Chancey Fleet stands in front of a shelf of children’s books.From the Editor: Chancey Fleet serves as technology coordinator at the New York Public Library's Braille and Talking Book Center. Through her work with library patrons, she came to recognize the widespread need for tactile literacy skills in the blind and low-vision population. In this article she shares ideas for preparing blind children to create, use, and enjoy tactile graphics.

A picture may be worth a thousand words, but my attention rarely stuck around long enough to find out whether that was true when I was in the classroom. When math and science books in Braille or audio formats served up a careful description of a graph or the parts of a cell, I often struggled to imagine the subject matter precisely. My interest dwindled when the descriptions went into extensive detail. Sometimes I even felt resentful. Why should I do this? Why did they bury me in words about an image that wasn't there? At the time, I simply concluded that I wasn't meant to enjoy math or science. I was in my thirties before I learned the truth: I'm a blind spatial learner!
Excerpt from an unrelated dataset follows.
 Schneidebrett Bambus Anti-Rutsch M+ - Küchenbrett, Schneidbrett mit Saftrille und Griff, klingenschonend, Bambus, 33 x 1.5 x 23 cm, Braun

The Right to Image Literacy

Most of us who are sufficiently immersed in the blind community understand our fundamental rights. We know that we ought to have access to Braille, websites, and usable ebooks and technologies. When these things are withheld from us, when they show up late, or when they turn out to be of substandard quality, we know it's time for us to fight. But most of us—even folks with advanced degrees and careers that depend on robust information access—don't receive, and don't demand, access to tactile graphics. This access can come in the form of raised-line drawings that are embossed, produced with raised ink by a Swell-Form graphics machine, or created by various other means. Subtly or overtly, most of us have been taught to sit out activities that involve drawing, graphing, collaging, or mapping. We live in a state of image poverty, a state we have quietly learned to accept.

As a technology educator I work with blind and low-vision kids and adults in a public library. The library is filled with print and media resources for sighted patrons, and these resources are rich with visual images. I believe that we, as blind people, can and should demand access to the images that are all around us.
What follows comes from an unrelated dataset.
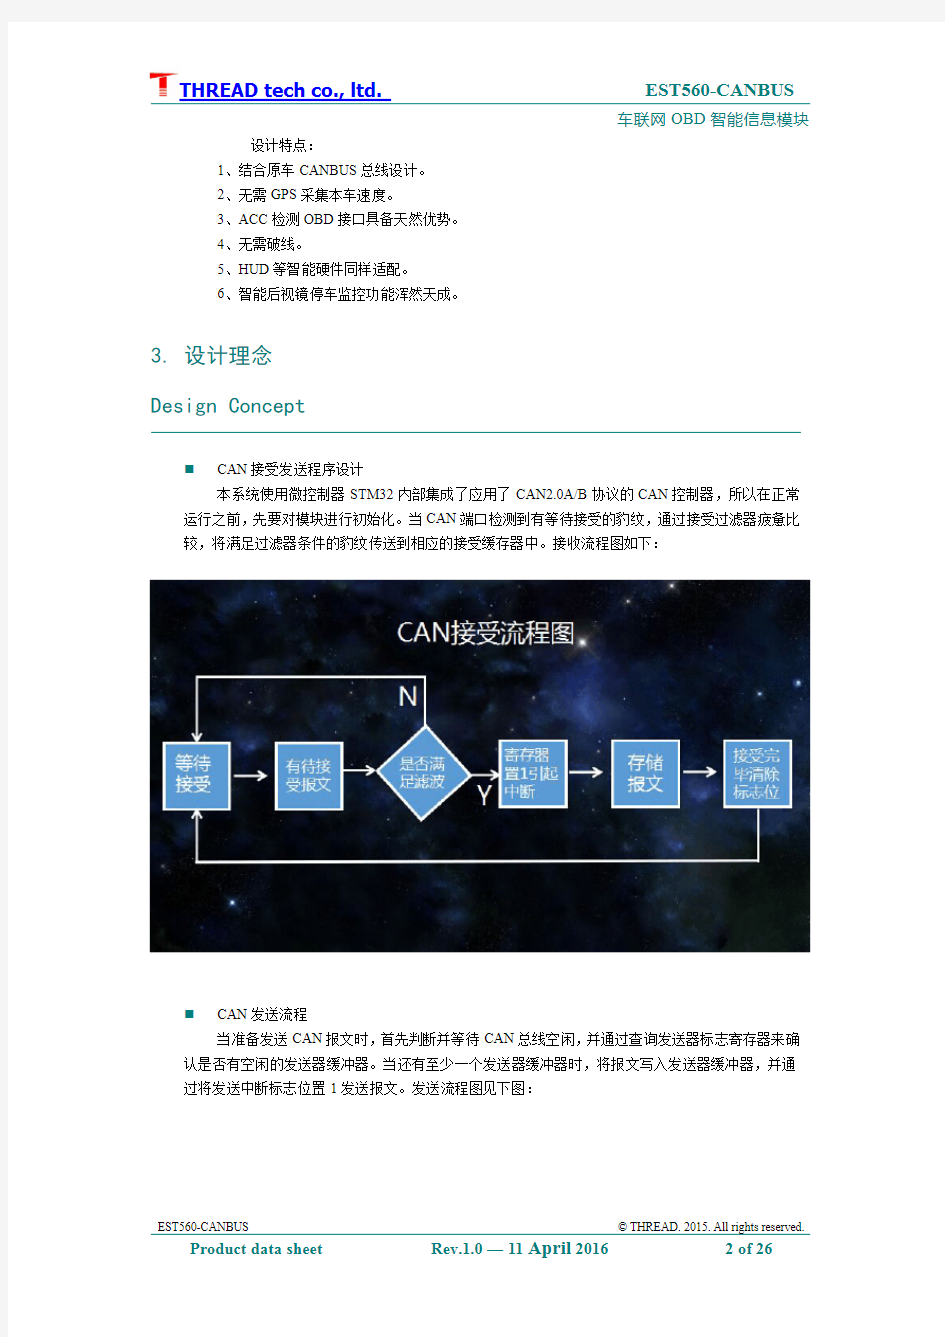 车联网与智能网联汽车CANBUS远程控制产品白皮书

Full literacy should include the means to explore, create, and think with images as well as words and numbers. Any blind person or sighted family member, teacher, or ally can learn enough about the art of tactile images to make a difference in a blind child's life. When we help create an image-rich environment for that child, we open the way to spatial literacy. As with Braille literacy, strong mobility skills, or any other pillar of a blind child's success, education about what's possible, high expectations are key, supported by high-quality resources and a can-do attitude.

Early Exposure

Blind kids can start working with images very early on. Some publishers of Braille books for young learners, such as National Braille Press (NBP) and Sensational Books, offer a small but invaluable selection of books that include textures, shapes, and raised-line drawings. The American Printing House for the Blind (APH) provides a variety of educational toys and games that support image literacy and spatial learning.

Beyond these specialized resources, you'll begin to notice tactile representations all around you: cookie cutters, embossed holiday cards, cut-out foam shapes, and stencils are just a few examples. These household objects can help any child, blind or sighted, learn that a three-dimensional object can be represented in two dimensions. Experiences with two-dimensional representations help children build image literacy.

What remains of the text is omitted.